Мои глаза округляются.

- Может это парень ее, про которого ты на днюхе рассказывал!

- Неа, - улыбается Орел, - тот чел не причем.

- С чего это ты взял? – спрашиваю я.

- Знаю, потому что ее родители сами сказали. Мы ж с Нинкой корефаны давнишние, или ты думал, я так ее к себе на днюху приглашал, чтоб тебе подкинуть? Мы с ее отцом частенько пересекаемся, не по делам, конечно, а так, тупо кружечку пропустить. Вот он позавчера и рассказал, как его дочь приходила с каким-то мусорщиком Чебурашкой, после чего из заначки все накопления уплыли. Эх вы, горе-домушники, хоть бы посоветовались, как и куда на дело ходить.

Моя челюсть оттягивается книзу, в этот момент в мой танк попадают, и экран озаряет крохотная вспышка. Одна жизнь уплыла.

- Следи за игрой, все жизни растеряешь.

- Так это… и че, - мямлю я, - нас посадят что ли?

Орел надувает губы и ухахатывается.

- Дурак ты, Геныч, кто ж родную дочь с будущим зятем посадит?

- С зятем?!

- Ну, вы ведь, насколько мне известно, жениться собрались?

- Да я… это, да мы…

- Ага, смотри с кружка своего не упади.

- Это бублик, - говорю я и встряхиваюсь, - в смысле, где Нина то?!

- В дурке, - взрывая танк, бомбящий кирпичи нашего штаба, отвечает Орел, - насколько не знаю, не спрашивай. Это так, в воспитательных целях, так сказать. Так что не волнуйся, получишь свою невесту в целости и сохранности.

Я уставился на Орла, жму на кнопку выстрела.

БАХ.

- Эй, приятель, смотри на экран…

БАХ.

- Геныч, ты че творишь-то?!

БАХ, БАХ, БАХ!!!

- ЭЙ!!!

Крик Орла приводит меня в чувства, по экрану плывет надпись GAME OVER, я взорвал наш штаб. Штаб в виде орла.

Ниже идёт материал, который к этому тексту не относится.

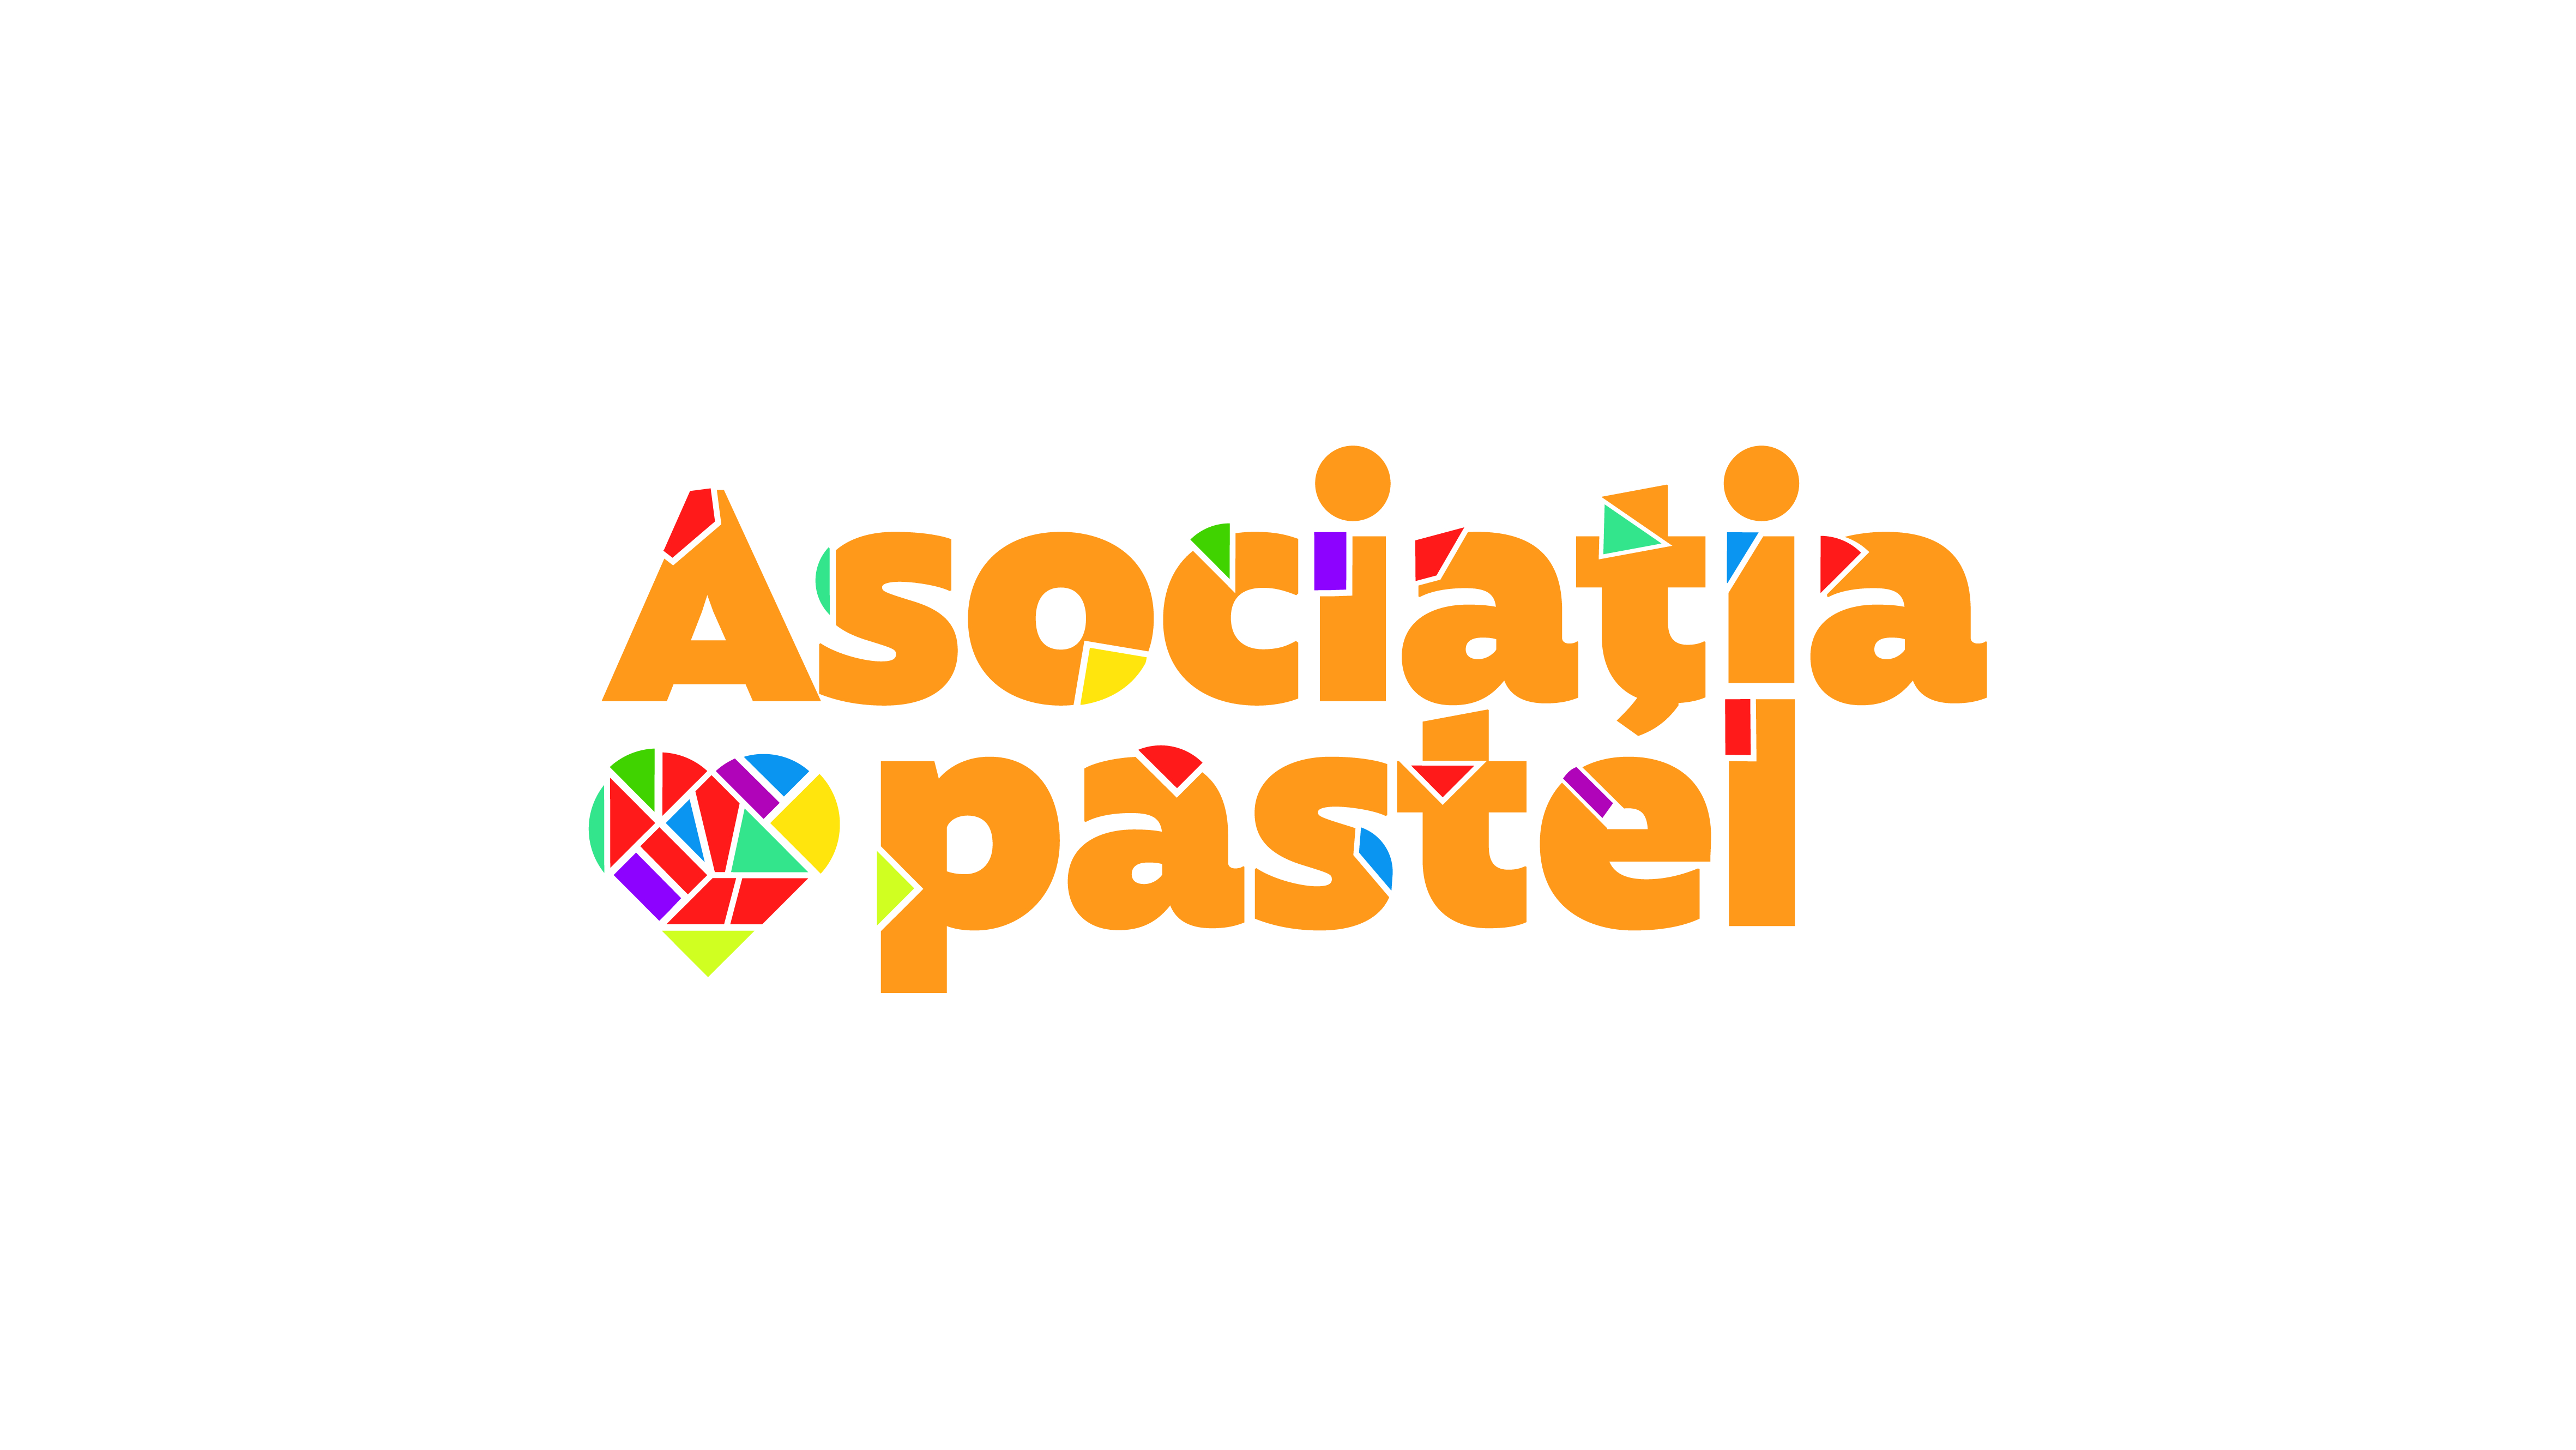 Asociatia pastel logo

- Я, наверное, пойду, - говорю я, поднимаюсь и, забирая бублик, бреду в сторону прихожей, обуваюсь.

- Да ладно тебе, Геныч, говорю же, выпустят Нинку скоро, не очкуй.

Я не слушаю, напяливаю куртку, коротко прощаюсь и выхожу на улицу.

Мне нужно собраться с мыслями, я просто обязан разложить по полочкам весь тот бардак, что творился в моем мозгу на протяжении всех этих дней. Разобраться в своих чувствах, в своей жизни.

Я отправился в парк.

В дни революционных праздников и массовых народных гуляний каждый калужанин считает своим долгой побыть в городском парке культуры и отдыха – самом живописном и многолюдном месте города. Теплым летним вечером или студеным зимним днем калужане любят прогуливаться по его аллеям или, выйдя на смотровую площадку, любоваться заокскими далями. В хмурый осенний день парк привлекает к себе обильным листопадом, ранней весной горожане отсюда наблюдают ледоход на Оке. Во все времена года здесь много молодежи и особенно детворы.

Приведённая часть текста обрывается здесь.